Recent technological advances and service expansions in Large Language Models (LLMs) have been remarkable, leading to their widespread adoption in various aspects of our daily lives. LLMs are gradually being incorporated into research and education, but their direct application to research activities remains limited. Here, we organized a hackathon in the summer of 2024 to explore the use of LLMs in the field of earthquake research. It should be noted that the LLMs used in this hackathon were available in August 2024. A total of 18 participants participated in the following four challenges:

1. Feature extraction and explanation for simulation results
We used LLMs to automatically generate explanations on strong motion regions and site characteristics for the seismic intensity distribution maps of NIED J-SHIS. Although we focused on a simulation scenario at the Tachikawa Fault in this hackathon, we believe that LLMs could play a valuable role in providing comprehensive explanations for many earthquake scenarios. Additionally, we explored the introduction of natural language for function optimization, testing both an interactive approach using ChatGPT and a non-interactive approach using TextGrad (Hou et al., 2023). It is expected to be used for tasks such as automatic detection of outliners and provision of explanations, which have previously been done manually.

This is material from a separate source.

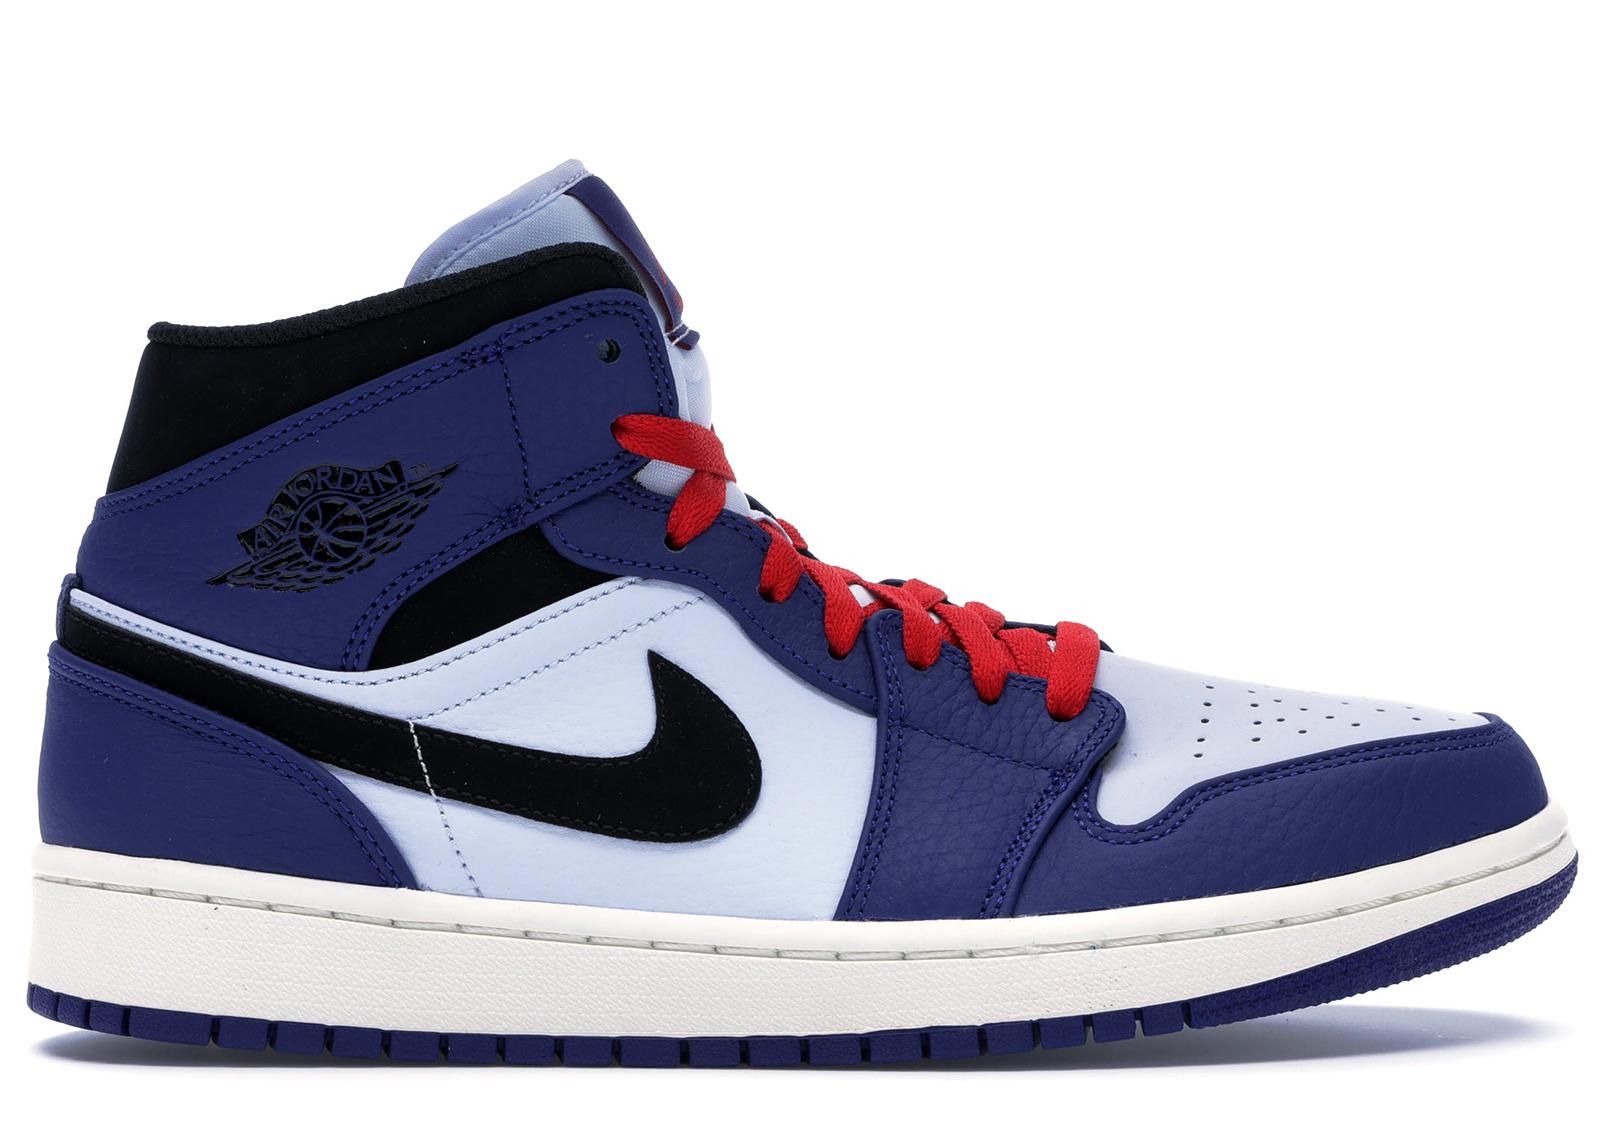 Jordan 1 Mid Deep Royal Blue Black

2. Automated analysis of earthquake-related social data
Using LLMs, we analyzed web news articles and their user comments related to the August 8, 2024, Hyuga-nada earthquake and Nankai Trough earthquake extra information, especially summarizing comments classified into specific categories, examining the relationship between article attitudes and comment tends, analyzing qualitative changes in comments, tracking temporal changes in public sentiment toward scientists, and conducting cluster analysis of comments. In tasks that summarized comments based on predefined analytical directions, LLMs provided results that closely matched our subjective impressions. We also attempted comment labeling and quantitative analysis with LLMs; however, the reliability of LLM-generated labels remained a challenge. We believe that LLMs are a useful tool for efficiently processing large amounts of social data and monitoring societal responses in real time.

3. Automated generation of answers for earthquakes and volcanoes
We attempted to generate answers to anticipated questions related to earthquakes and volcanoes using LLMs with retrieval-augmented generation (RAG) that read available PDF documents from institutions such as the Japan Meteorological Agency, the Cabinet Office, the Headquarters for Earthquake Research Promotion, and the Coordinating Committee for Prediction of Volcanic Eruptions. We compared the performance of NotebookLM (Google, 2024), a closed LLM, with local LLMs such as Llama 3.1 and Gemma2. NotebookLM could provide reasonable answers using only its intuitive interface, although hallucinations occasionally occurred. Answers from local LLMs were sometimes inaccurate, because the simple RAG system was used. We also found the importance of careful data organization and question formulation to improve the accuracy of LLM-generated answers.

4. Automated generation of simulation codes
To develop Python codes for earthquake cycle simulations in subduction zones and data assimilation, we tackled three tasks: (1) earthquake cycle simulation using a spring-block model, (2) data assimilation with a particle filter for the Lorenz 63 model, and (3) four-dimensional variational data assimilation to estimate frictional properties at plate boundaries. All tasks were ultimately completed, although manual intervention such as equation modification and code structures adjustment was required throughout the process. Our results demonstrated that LLMs significantly improved coding efficiency.

Through this hackathon, we were able to outline the direction for the use of LLMs in earthquake research. As LLM technology continues to evolve, their applications in research domains are expected to expand further.